L’oppression du samedi soir, femmes et boîtes de nuit

Lorsqu’on ne vit pas à Annecy ou dans les stations de ski en haute-saison, le quotidien est généralement morose. La période des fêtes est l’occasion pour nous de pointer les violences contenues dans le divertissement, en particulier pour les femmes.

Le sexisme des boîtes de nuit…

C’est dans la petite période de jeunesse que s’exprime un fort besoin d’émancipation en faisant des soirées festives entre amies.

Mais où peuvent aller les femmes quand elles veulent se divertir ? La proposition principale est celle de la boîte de nuit.

C’est le lieu le plus mis en avant dans une société patriarcale où le plus important n’est pas l’épanouissement des femmes mais la satisfaction physique des hommes.

C’est ainsi que les femmes se retrouvent à servir d’appât pour des hommes cherchant à tromper leur propre solitude ou manque affectif.

On trouve ainsi régulièrement des flyers sexistes, avec des femmes à moitié nues pour vendre la soirée.
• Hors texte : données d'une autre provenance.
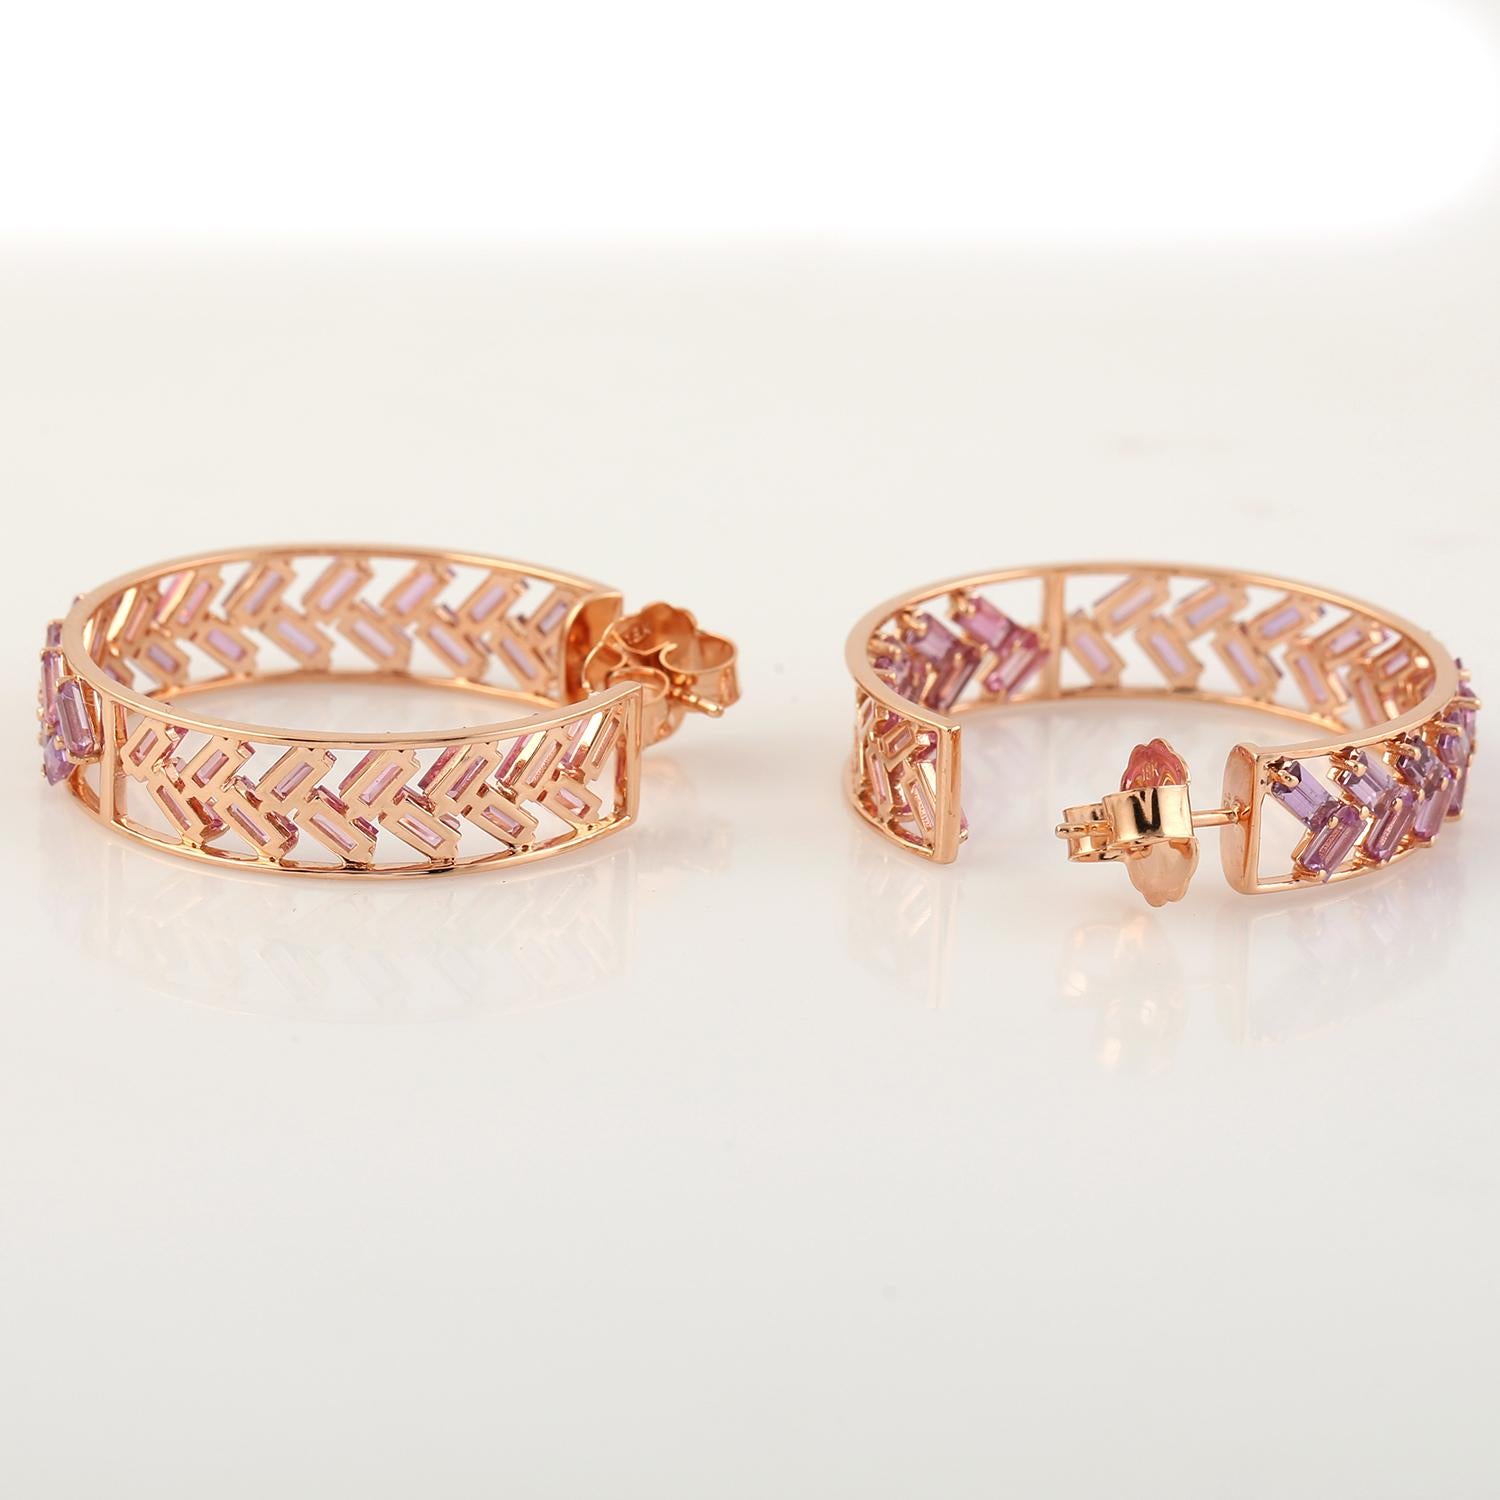 Contemporary 11.81 ct Baguette Shaped Pink Sapphire Hoop Earrings Made In 18K Rose Gold For Sale

Et surtout, des « privilèges » tels que des réductions ou gratuité sur l’alcool pour les filles. De telle manière qu’on a l’impression qu’il est dit aux hommes : « Venez, elles seront à point pour votre arrivée ».

Ce n’est rien d’autre que l’expérience de l’agression et du viol potentiel qui est proposée. Utiliser l’alcool pour altérer le consentement des femmes et les entrées gratuites pour espérer un large choix de proies.
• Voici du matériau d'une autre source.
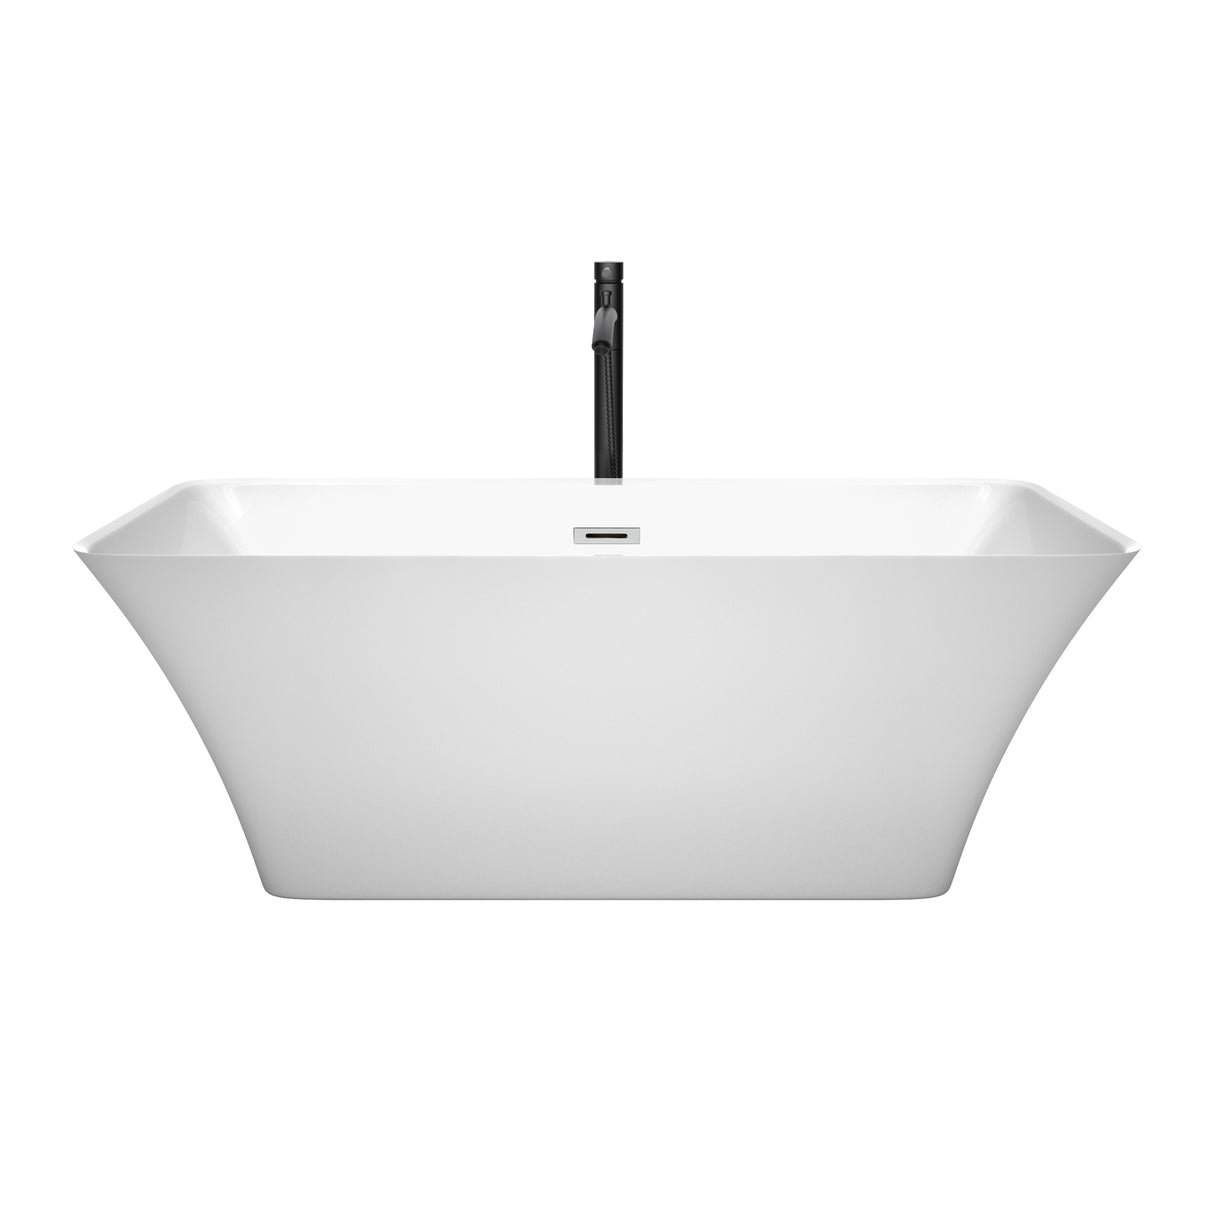 Tiffany 59 Inch Freestanding Bathtub in White with Polished Chrome Trim and Floor Mounted Faucet in Matte Black

Quelle femme ayant été en boîte ne s’est pas faite toucher sans son consentement… Ou pire ?

Tant de choses à subir pour finalement des soirées de mauvaise qualité, avec des dj’s sans recherche musicale qui se contentent de passer les derniers tubes standardisés. Si les transitions entre les morceaux sont à peu près propres et sans intervention façon manège toutes les trente secondes, c’est une chance !

Pour les personnes qui refusent cela, il y a peu d’alternatives. Il y a alors quelques associations qui se démènent pour faire venir des artistes ou fédérer une scène musicale locale.

C’est également en réactions à la sélection raciste et à la superficialité des discothèques et des soirées commerciales que le mouvement des freeparty s’est formé comme proposition alternative.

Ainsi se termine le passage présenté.